Mimura Kosaku, Ogata Takashi, Yoshimoto Yuya, Yoshida Daisaku, Nakajima Shotaro, Sato Hisashi, Machida Nozomu, Yamada Takanobu, Watanabe Yohei, Tamaki Tomoaki, Fujikawa Hirohito, Inokuchi Yasuhiro, Hayase Suguru, Hanayama Hiroyuki, Saze Zenichiro, Katoh Hiroyuki, Takahashi Fumiaki, Oshima Takashi, Suzuki Yoshiyuki, Kono Koji
Department of Gastrointestinal Tract Surgery, Fukushima Medical University School of Medicine, 1 Hikarigaoka, Fukushima, 960-1295, Japan.
Department of Blood Transfusion and Transplantation Immunology, Fukushima Medical University School of Medicine, 1 Hikarigaoka, Fukushima, 960-1295, Japan.
Commun Med (Lond). 2023 Aug 15;3(1):111. doi: 10.1038/s43856-023-00343-4.
Although immune checkpoint inhibitors (ICI) targeting for PD-1 axis is a promising approach for advanced gastric cancer (GC) patients, the response rate is still limited. Induction of synergistic effect of irradiation with ICI targeting for the PD-1 axis can be an attractive strategy. The aim of this study was to assess the effect of the combination of irradiation with anti-PD-1 therapy for advanced GC.
We conducted a single-arm, phase I/II trial in GC patients treated with a combination of nivolumab and oligo-fractionated irradiation (22.5 Gy/5 fractions/5 days) (NCT03453164). Eligible patients (n = 40) had unresectable advanced or recurrent GC which progressed after primary and secondary chemotherapy with more than one lesion. The primary endpoint is the disease control rate (DCR) of non-irradiated target lesions and the secondary endpoints are the median survival time (MST), safety, and DCR of irradiated lesions.

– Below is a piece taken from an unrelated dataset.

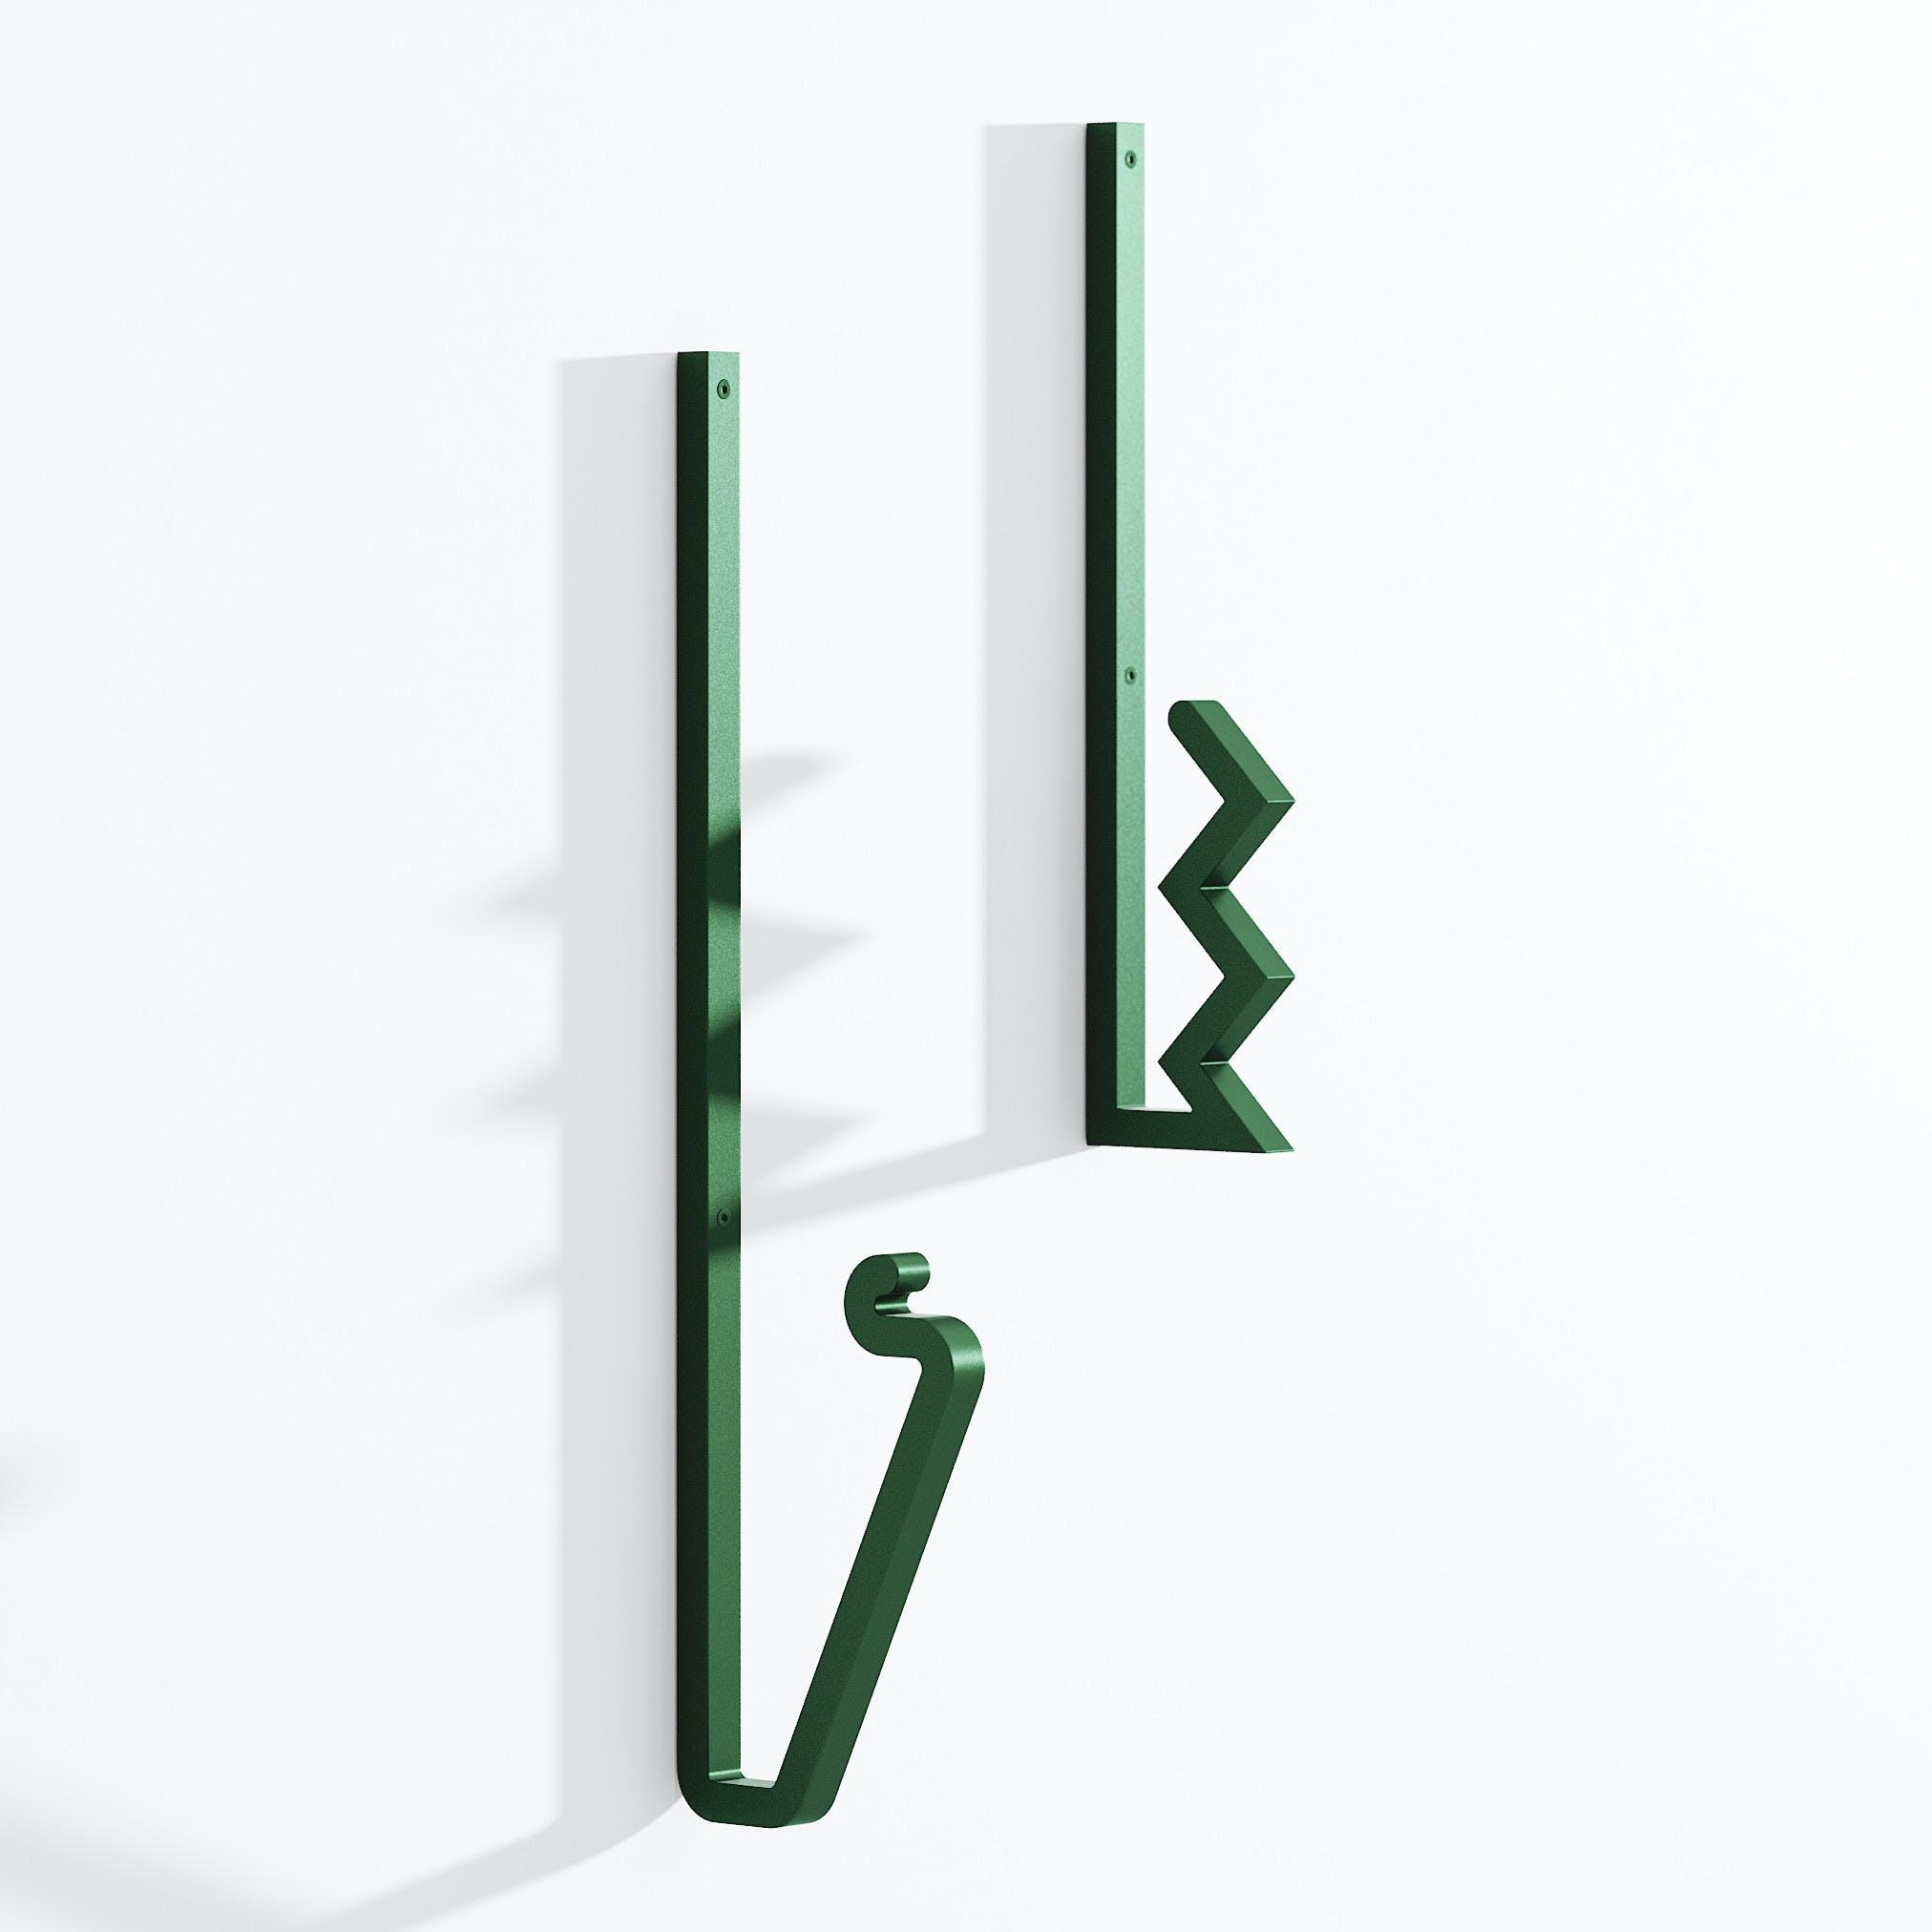 La-chance-furniture-zag-coat-hook-green-haute-living

We observe that the DCR for the non-irradiated target as the abscopal effect is 22.5% (90% confidence interval (CI), 12.3-36.0), and the DCR for the irradiated lesion is 40.0% (90% CI, 26.9-54.2). The median survival time is 230 days (95% CI, 157-330), and grade 3 and higher adverse events (AEs) are observed in 16 patients (39 %) with no obvious additional AEs when adding irradiation.
The present study suggests that the combination of nivolumab with oligo-fractionated irradiation has the potential to induce a promising anti-tumor effect for advanced GC.
尽管针对PD-1轴的免疫检查点抑制剂(ICI)是晚期胃癌(GC)患者的一种有前景的治疗方法,但其缓解率仍然有限。诱导针对PD-1轴的ICI与放疗的协同效应可能是一种有吸引力的策略。本研究的目的是评估放疗联合抗PD-1治疗对晚期GC的疗效。
我们对接受纳武单抗和低分割放疗(22.5 Gy/5次/5天)联合治疗的GC患者进行了一项单臂I/II期试验(NCT03453164)。符合条件的患者(n = 40)患有不可切除的晚期或复发性GC,在一线和二线化疗后进展,且有多个病灶。主要终点是非照射靶病灶的疾病控制率(DCR),次要终点是中位生存时间(MST)、安全性以及照射病灶的DCR。
我们观察到作为远隔效应的非照射靶病灶的DCR为22.5%(90%置信区间(CI),12.3 - 36.0),照射病灶的DCR为40.0%(90% CI,26.9 - 54.2)。中位生存时间为230天(95% CI,157 - 330),16例患者(39%)出现3级及以上不良事件(AE),放疗后未观察到明显的额外AE。
本研究表明,纳武单抗与低分割放疗联合应用有可能对晚期GC产生有前景的抗肿瘤作用。